A Southern California pediatrician was placed on probation this week after penning letters four years ago that exempted a toddler from all childhood vaccinations. But the doctor maintains he did “nothing wrong.”
Dr. Bob Sears, an outspoken critic of mandatory vaccinations, will be under scrutiny for 35 months following the decision by the Medical Board of California.
The Orange County, Calif., pediatrician is accused of failing to obtain a detailed medical history before writing the 2014 letters, which he wrote after the 2-year-old’s mother described the child’s adverse reaction to an earlier vaccination, according to officials.
The doctor said it ended up taking more than a year to receive the boy’s medical records, which would include the child’s history of immunizations.
Sears said he took the boy’s mother at her word when she said her son lost urinary function and “went limp” in response to previous vaccinations, the Los Angeles Times reported.
"Isn’t it my job to listen to my patients and believe what a parent says happened to her baby? Isn’t that what ALL doctors do with their patients?” Sears wrote in a Facebook post. “A patient’s word is often the only evidence we have — as doctors we must trust our patients, the same way our patients trust us to look out for their best interest.”

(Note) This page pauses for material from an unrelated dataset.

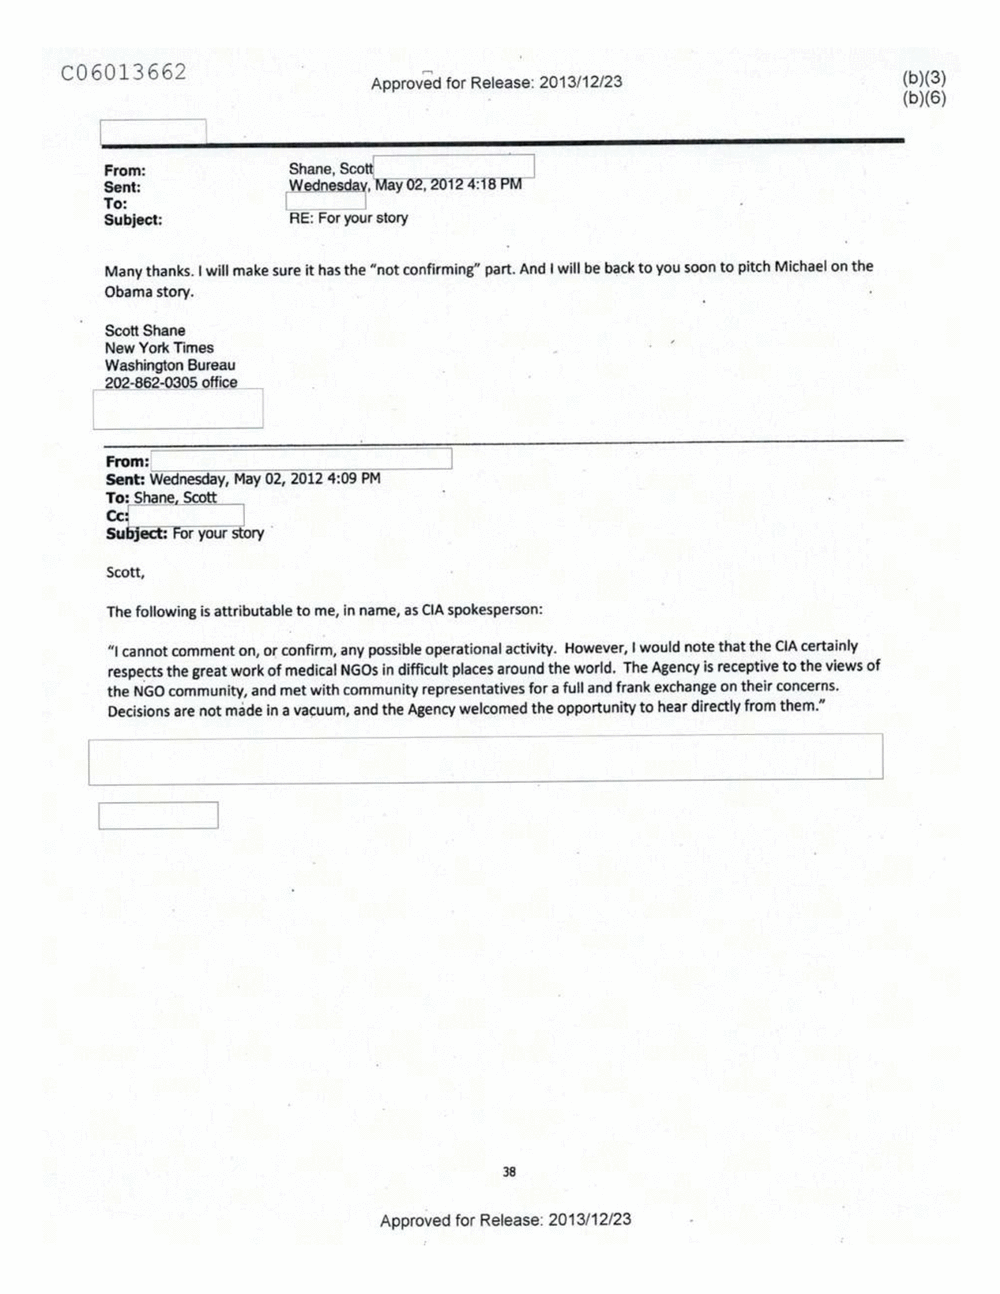 Page 507 from Email Correspondence Between Reporters and CIA Flacks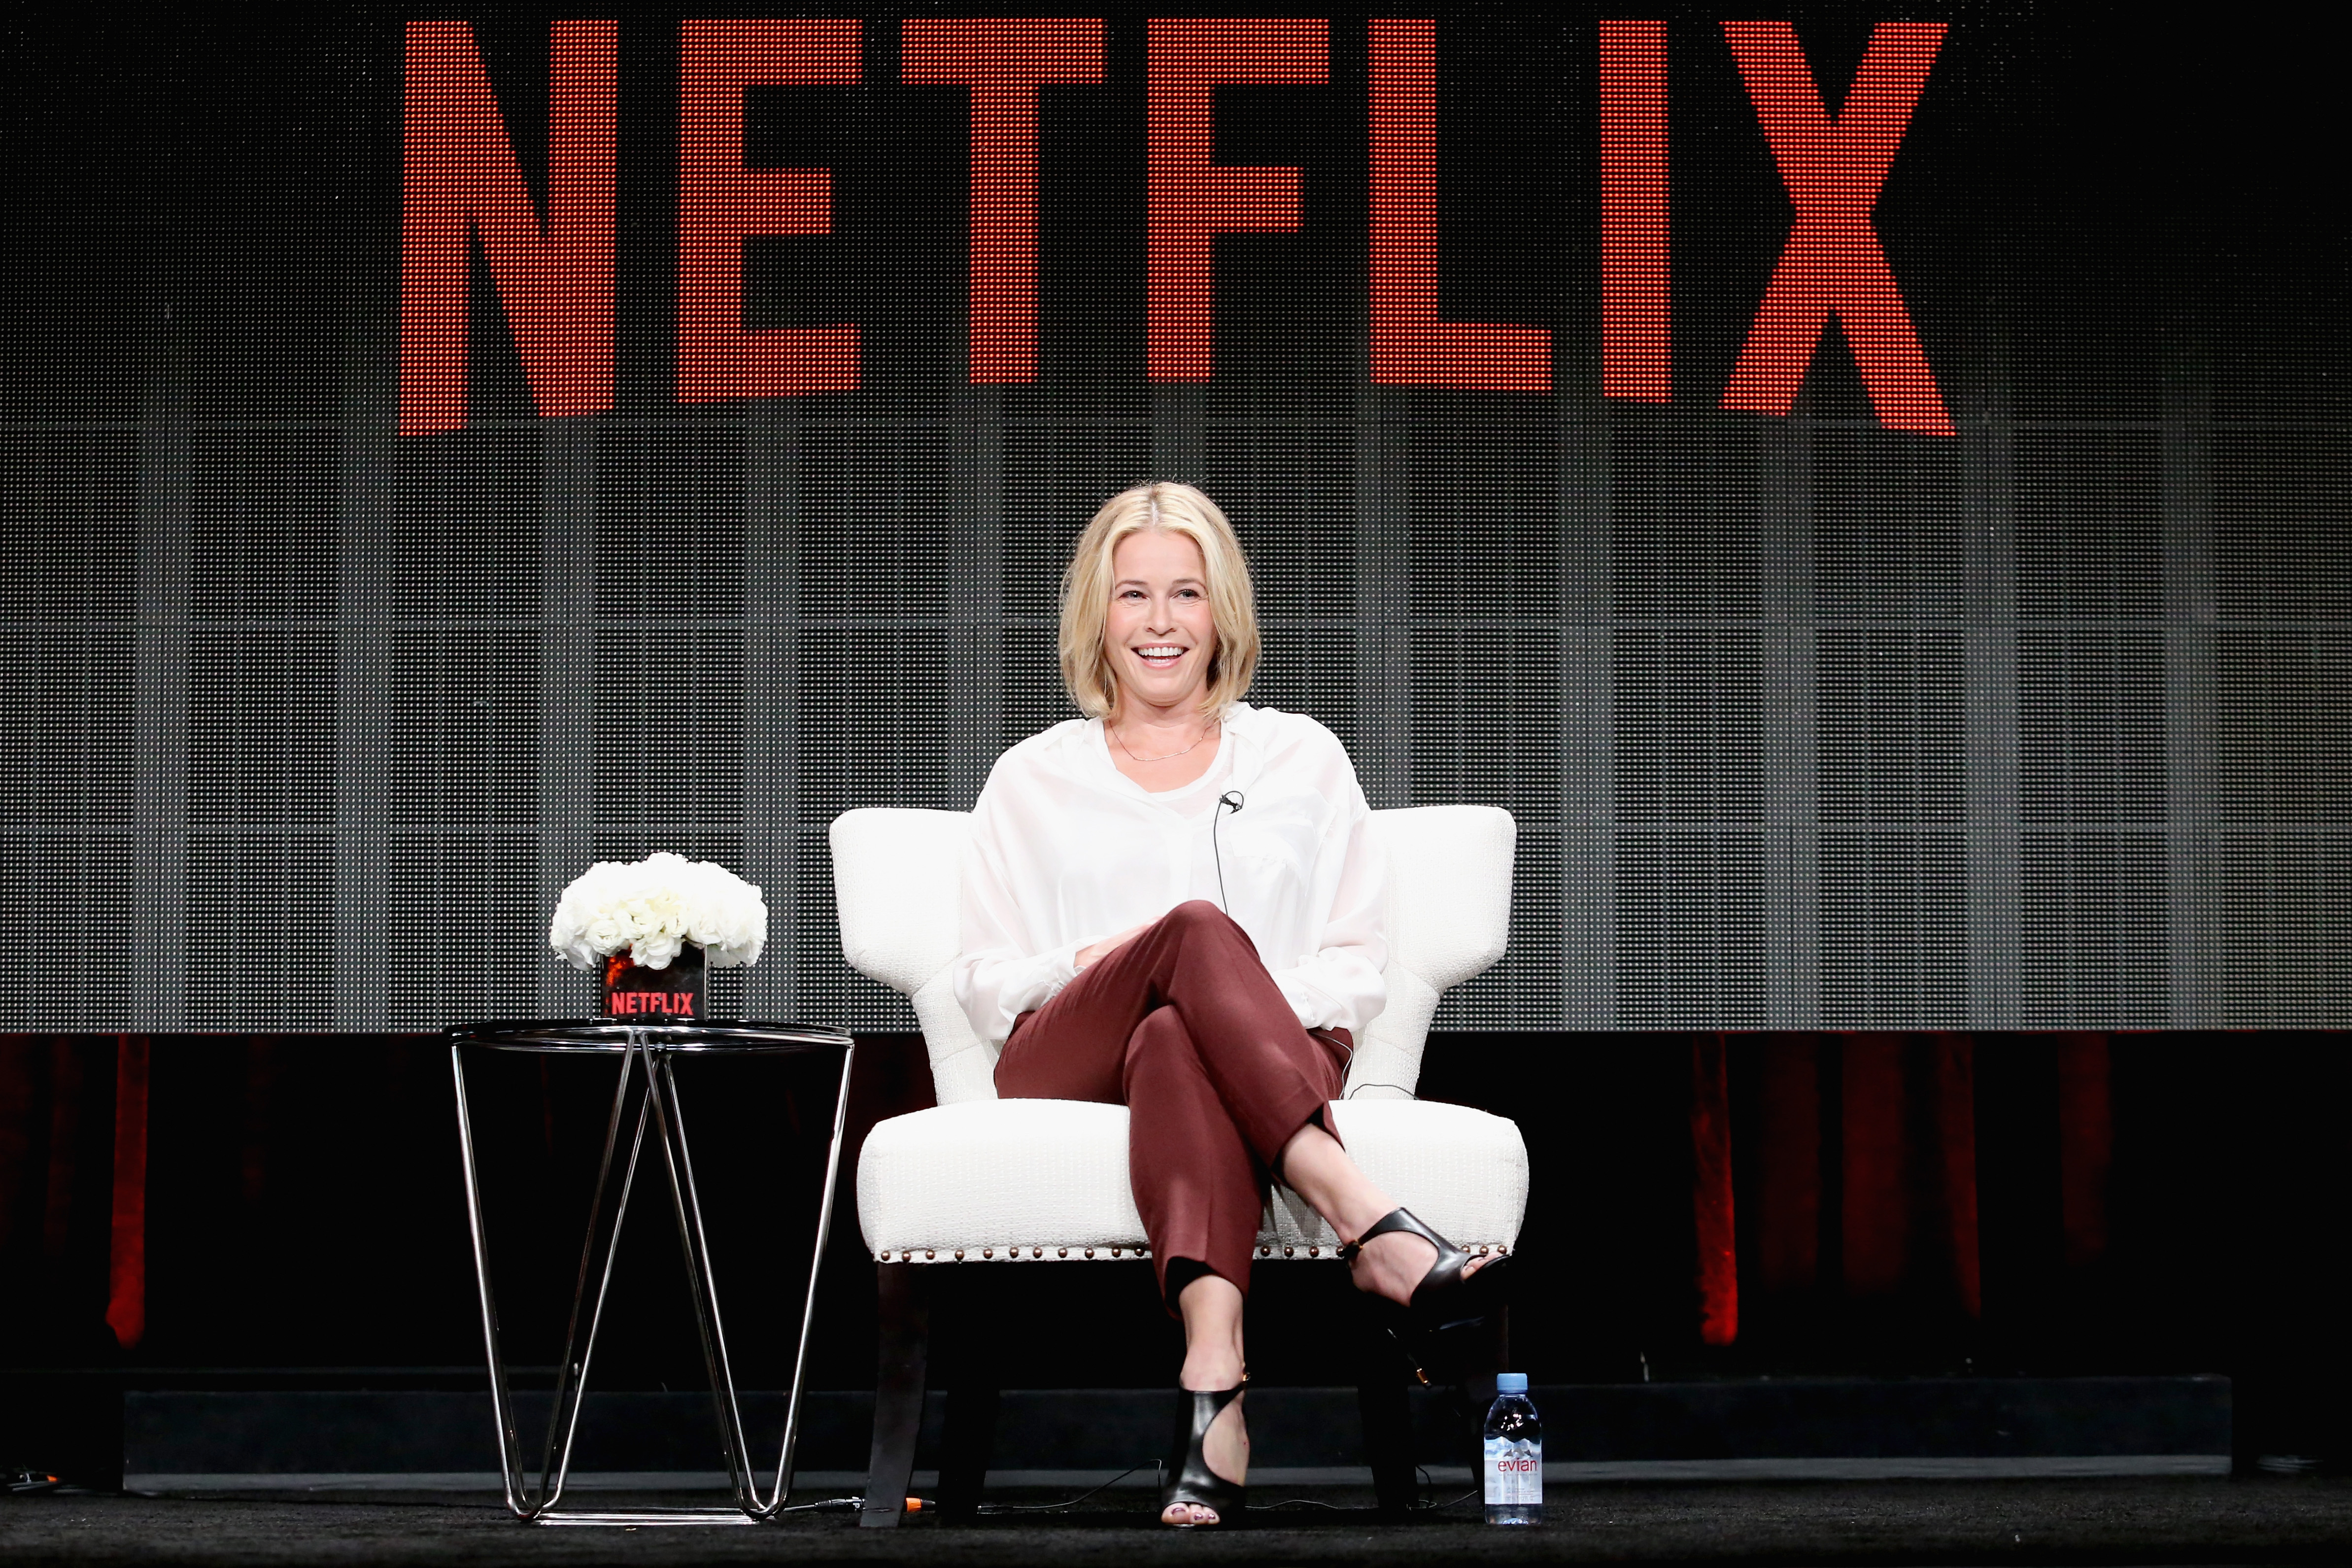 Comedian Chelsea Handler speaks onstage during the "Chelsea Does" panel discussion at the Netflix portion of the 2015  Summer TCA Tour at The Beverly Hilton Hotel on July 28, 2015 in Beverly Hills, California.

He said he agreed to a settlement with the state medical board, which was signed Wednesday, because "it was likely that I’d get probation anyway," and to avoid going to trial, the report said.
“After all, I don’t want a child to receive a medical treatment that could cause more harm. I am going to, first, do no harm, every time,” he added in his post, alluding to a famous medical phrase.
Sears can continue to practice medicine, but will need to take an ethics class and 40 hours of medical education courses a year, the Times reported.
During his probation period, he must also be monitored by another licensed doctor, the Orange County Register reported.
The board also requires Sears to notify all locations where he practices within seven days of the order going into effect July 27, according to the Register.
“It’s not a trivial decision, it’s not a slap on the hand,” Dorit Reiss, a University of California, Hastings law professor, told the Times. “It really is strongly limiting his ability to practice. … He’s a doctor under supervision now.”
Rebecca Estepp, who is part of an advocacy group for alternative vaccine schedules, supports Sears.
“Many parents, myself included, are relieved that Dr. Sears will maintain his practice and continue to serve his patients that rely on him,” Estepp told the Times.
Probation is the most common punishment for doctors in California accused of wrongdoing.
But Sears said that the board had four additional cases pending against him.
“It seems there is an attempt to keep me on probation for the rest of my medical career,” Sears wrote on Facebook.
The state medical board took away 57 licenses, while putting 197 doctors on probation in the last fiscal year, according to the Times.